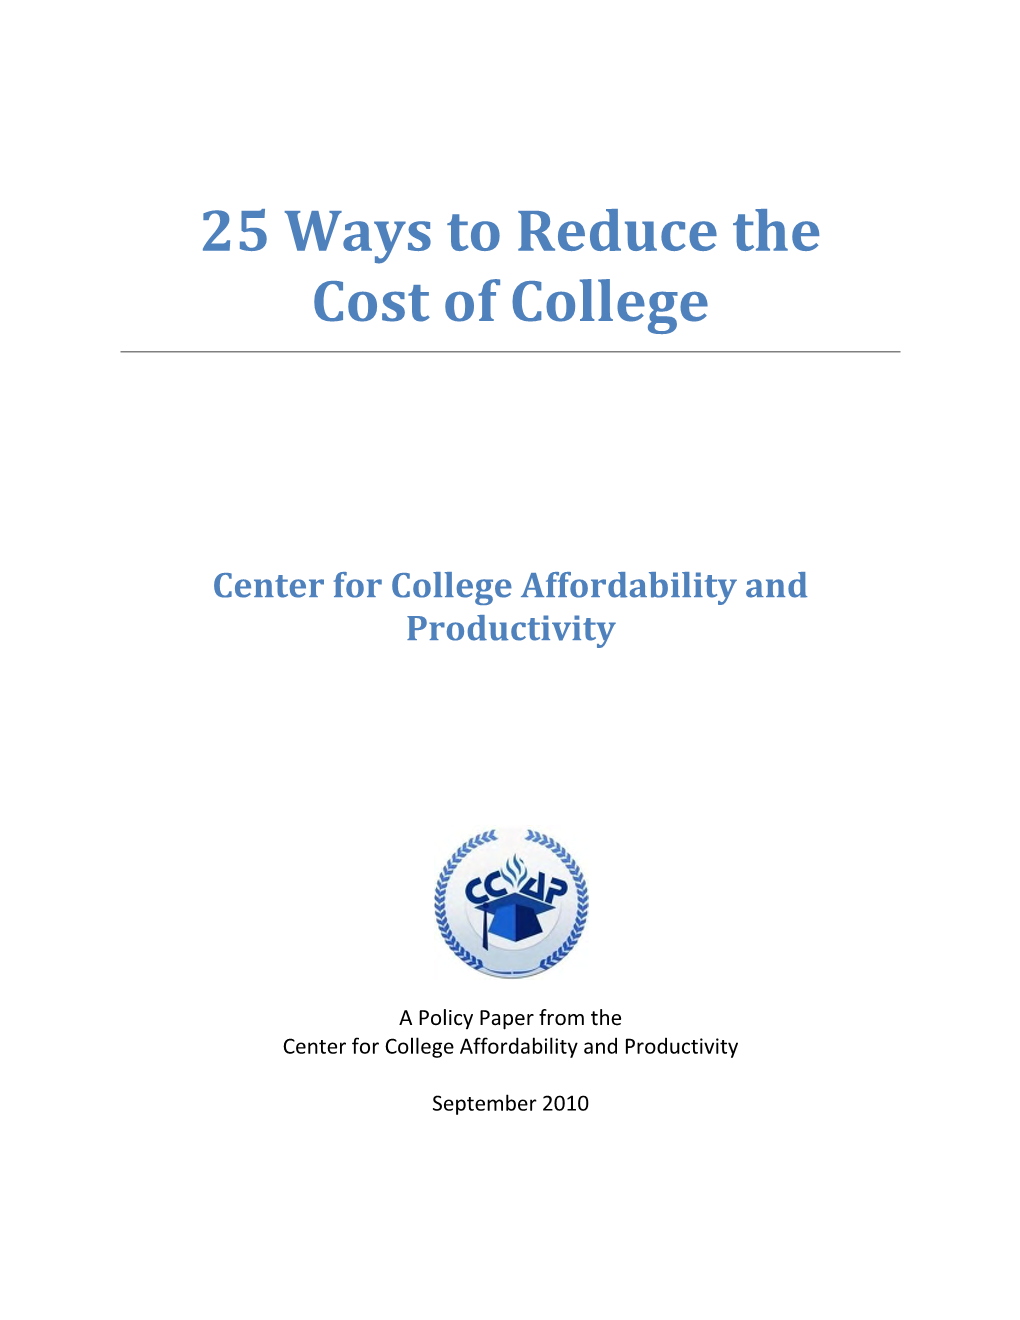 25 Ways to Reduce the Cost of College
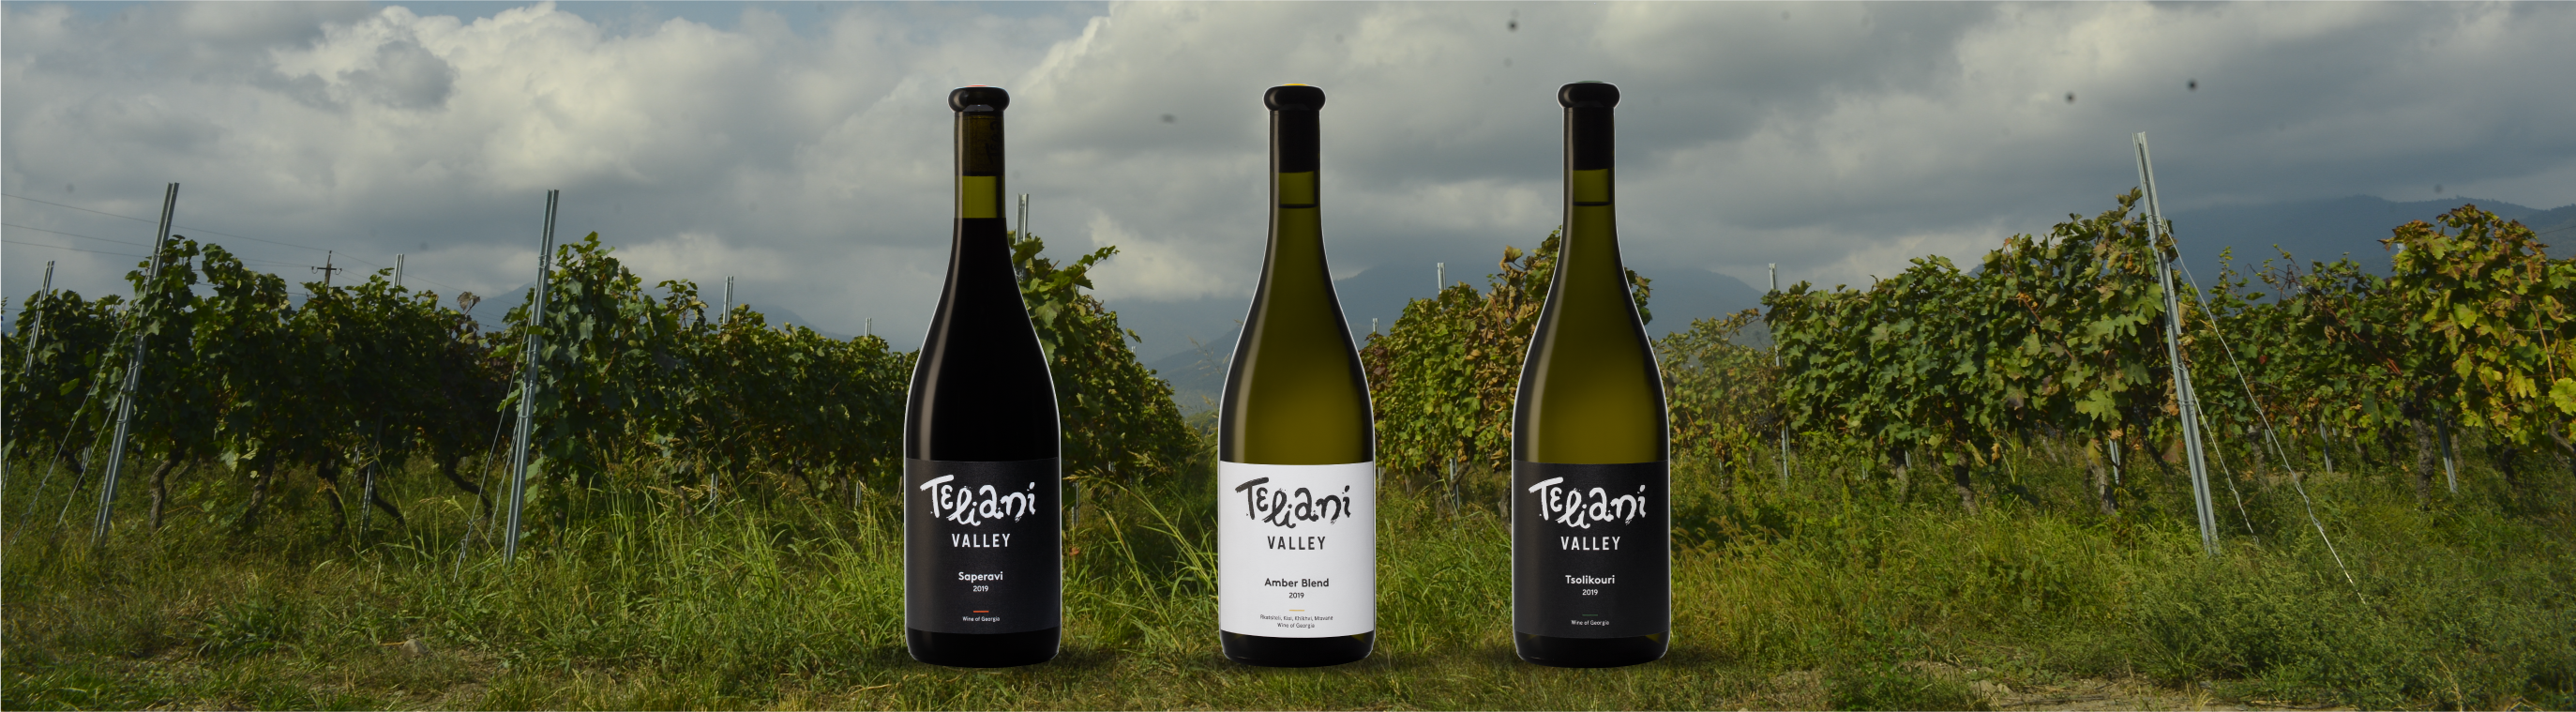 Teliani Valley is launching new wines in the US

****************

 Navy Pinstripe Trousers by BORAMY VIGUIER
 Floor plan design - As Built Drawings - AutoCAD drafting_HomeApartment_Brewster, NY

****************

## TO DO
Would you copy the lines above exactly, starting with the one that has "25 Ways to Reduce the Cost of College" and ending with the one that has "Teliani Valley is", both included, without the pictures?

## TASK SOLUTION
 25 Ways to Reduce the Cost of College
 Teliani Valley is launching new wines in the US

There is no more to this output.